Orang juga teringat pada peringatan dari
Elisee Reclus, seratus tahun sesudah dipublikasikan (1189): “Insular
India”, Insulinde atau Indonesia, seperti juga sebutan Belanda, secara
juridiksi politis telah membatasi entitas. (Nouvelle Geographie
Universelle, Vol XIV, ch III).
Informasi tentang perdebatan dalam komisi
sebagaimana yang ditunjukan dalam laporan sekretariat sedikit sekali
yang dibahas. Refleksi yang memperhatikan nama negeri tercermin dari
kata pada artikel pertama konstitusi, yang segera dapat kita lihat dalam
kasus parlemen Belanda, November 1921. Schumann, Presiden Volksraad,
menyebut wilayah benua Belanda dengan Benua, dalam pengertian ekspansi
Belanda yang lebih luas dalam skala dunia. “Kerajaan Belanda meliputi
wilayah di Eropa, Amerika, Asia, dan Australia”.
Rudolf Kern, yang kemudian menjadi salah seorang penasehat gubernur jenderal dalam “Indigenous Affair”
(urusan pribumi) beberapa tahun kemudian mengajukan sebuah rumusan
berbeda yang cukup lengkap: “Kerajaan Belanda Raya terdiri atas beberapa
bagian: 1.) Belanda, 2.) Indonesie, 3.) Suriname, dan 4.) Curacao.”
Rumusan itu mendapat kritikan, sebab
mengubah ekspresi kemapanan “Het Koninkrijk der Nederland” dan pendirian
kelewatan dari komisi yang membatasi Hindia.

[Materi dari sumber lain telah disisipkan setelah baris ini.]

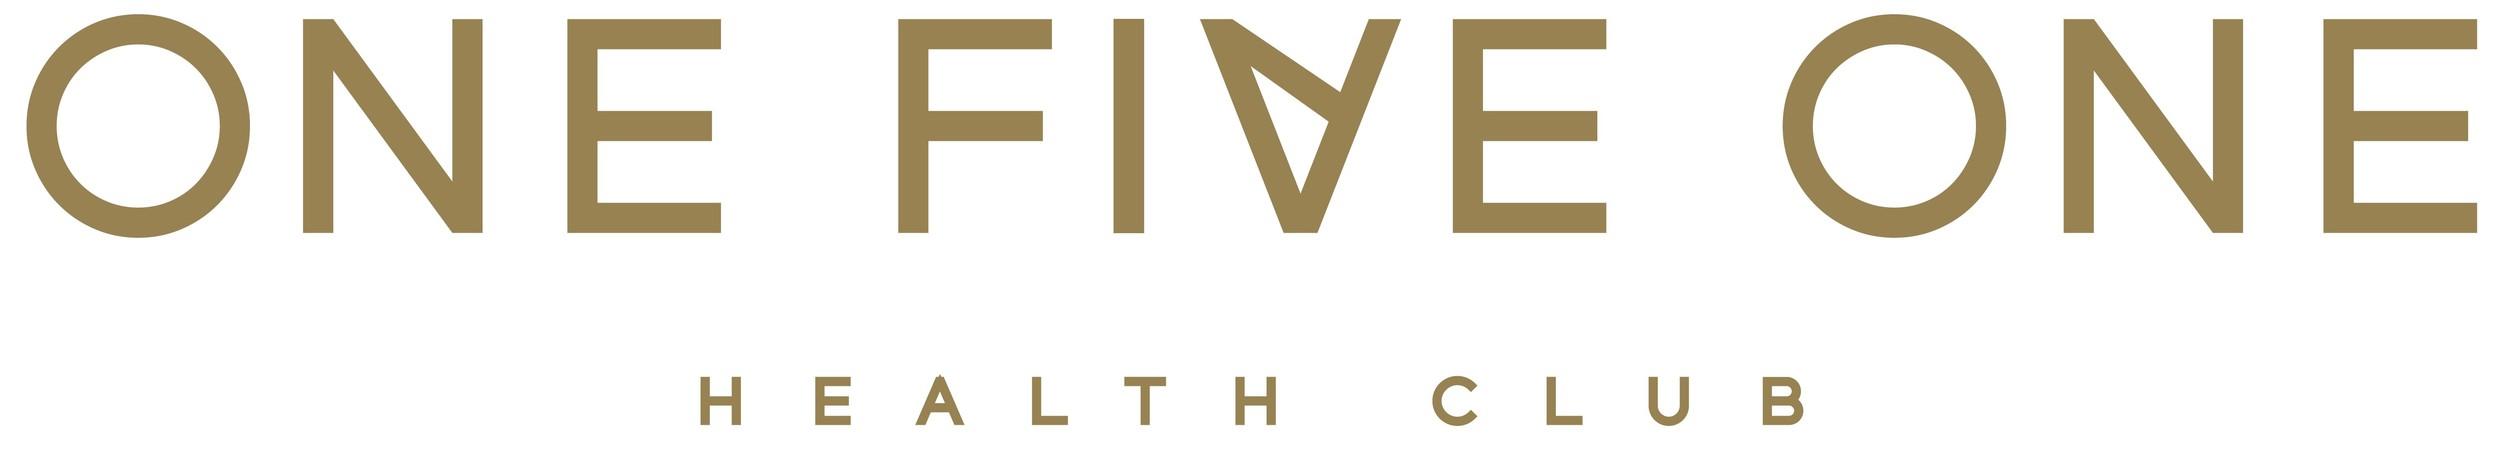 One Five One Health Club

Meski mendapat dukungan
dari F. van Lith, tokoh pimpinan dalam misi katolik. Selanjutnya, kata
Indonesie tak menjadi subjek perdebatan.
Akhirnya pada proposal dari ch. Welter,
pembantu sipil senior dan kemudian menjadi menteri negeri jajahan,
komisi dengan tidak bergairah mengadopsi sebuah versi yang
disederhanakan dari atikel: “Kerajaan Belanda meliputi kawasan Eropa dan
dat in andere wereld-deglen.” Proposal itu menghilangkan kalimat
“negeri-negeri jajahan dan kepemilikan” dari konstitusi sebelumnya.
Namun permasalahan alternatif nama
Hindia-Belanda diangkat kembali oleh H.A. Kindermann. Salah seorang
pegawai senior itu berpendapat bahwa diskusi yang berkembang dalam topik
ini seperti menempatkan kereta sebelum ada kudanya. Kali pertama orang
harus menentukan status Hindia-Belanda, apabila status tersebut semata
perubahan nama. Pendapatnya tak diterima.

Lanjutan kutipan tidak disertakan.